Khalid Albaih. Courtesy the artist.

“I already had to wait six months for my visa” for visits like those, Albaih explained in a phone interview from Doha, Qatar, where he lives. “If that’s not extreme vetting, I don’t know what is.” All the same, on the occasion of another invitation, to be a human rights fellow at Maine’s Colby College, it took another six months and the intervention of the State Department to push the application through.

“When my family later arrived, my four-year-old daughter’s passport was screened, and so naturally they had to go to a room on the side and be questioned. Four years old! They kept them there, they kept their passports, made them wait another two hours after a fifteen-hour flight. We already had approval. Then you get to the airport and you get questioned again.”

“So now I’m not even thinking of applying for a visa,” he said. “I’m not ready to go through all of this again, for myself or my children.”

The executive order also halts the entry of any Syrian refugees. Artist and designer Jumana Jaber has been a visiting assistant professor of art and design at Montclair State University, in New Jersey, since 2013. She and her family are Syrian refugees who were brought to the US under the auspices of the Institute of International Education’s Scholar Rescue Fund. She and her husband were professors in Damascus, and her son a student.

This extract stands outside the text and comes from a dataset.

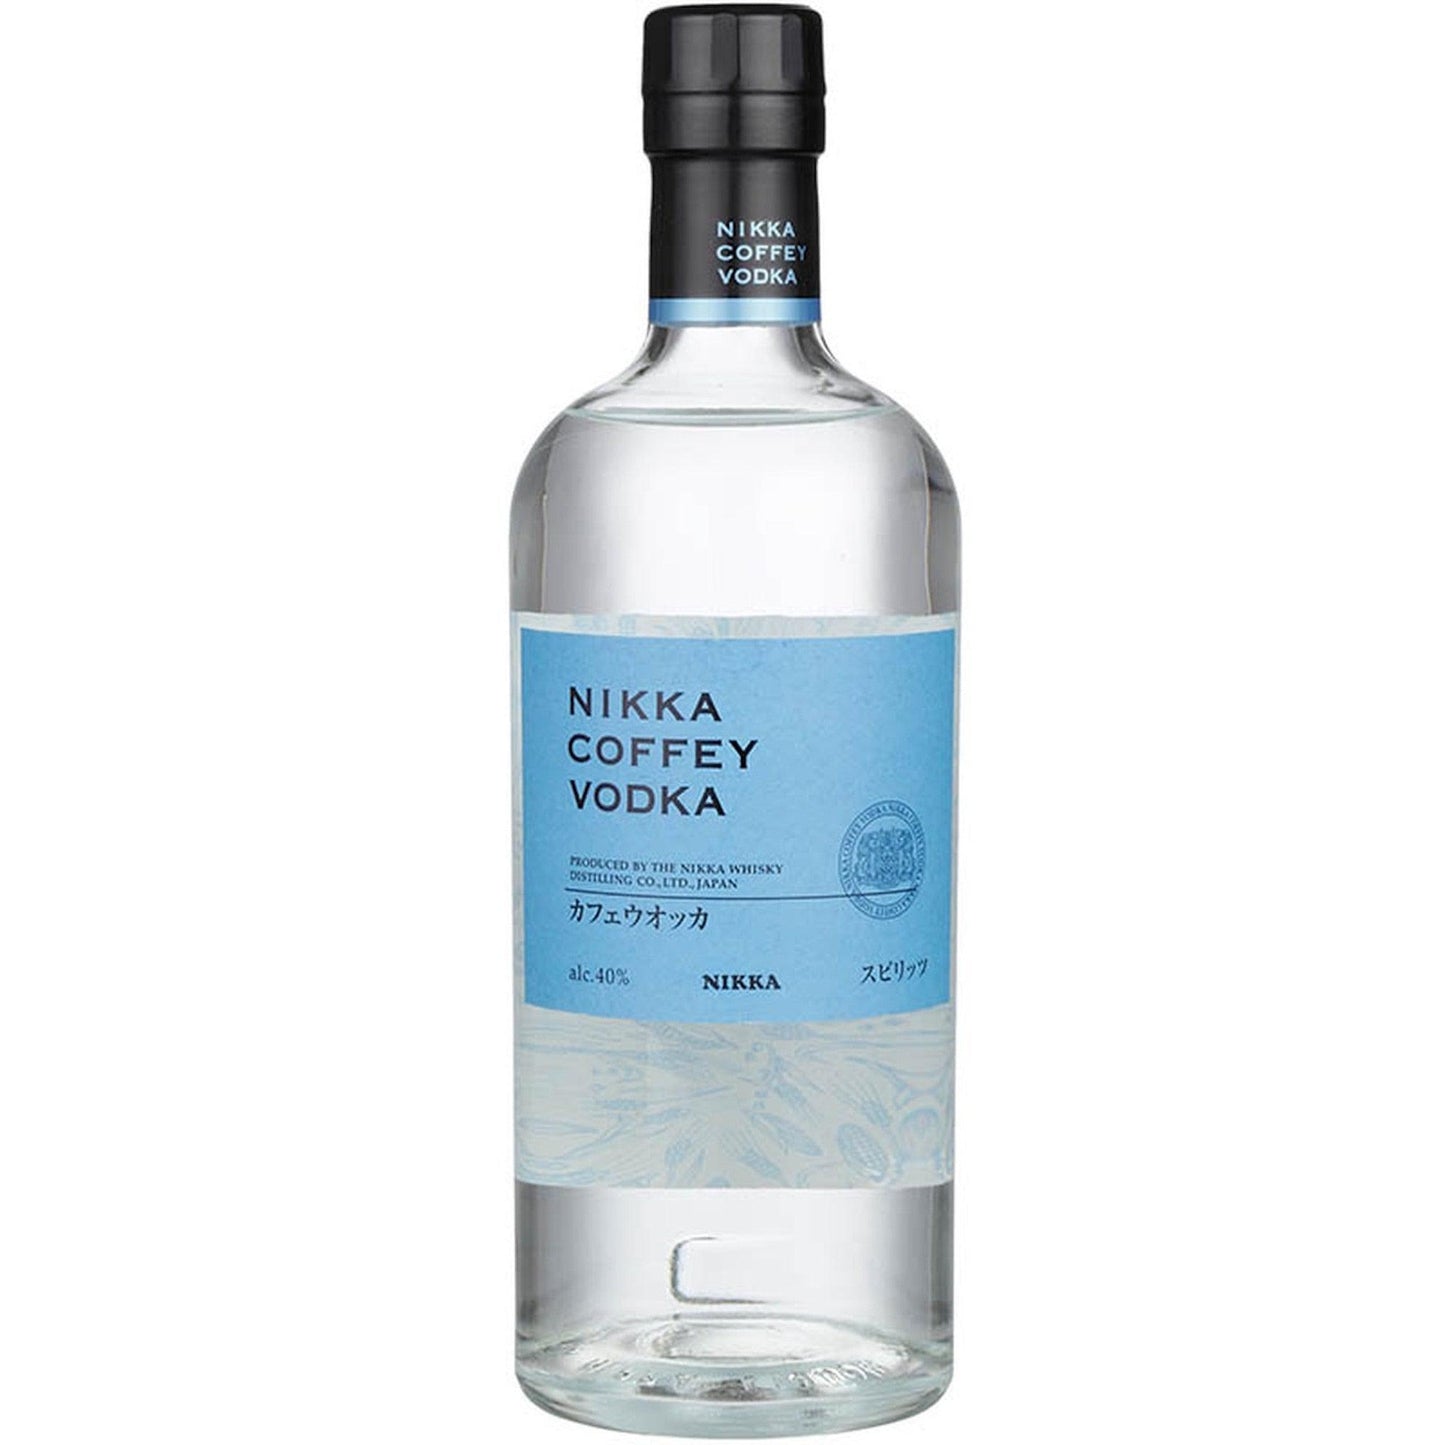 Nikka Whisky Distilling - 'Coffey' Vodka (750ML)

Jumana Juber at Montclair State University. Courtesy the artist.

Jumana Juber at Montclair State University. Courtesy the artist.

“My husband was kidnapped by radical Islamists,” said Jaber in a phone interview. “My son’s friend was killed by radicals at the university.”

But it’s possible that Juber’s ordeal isn’t over, since the new administration is rethinking its refugee policies. “We are worried about our case. We can’t leave the country,” she said. “We applied for asylum, but these new decisions may affect our case. My sons are very worried about whether the visa will be renewed. They ask me every day whether they will put us out. Where would we go? We can’t go back to Syria.”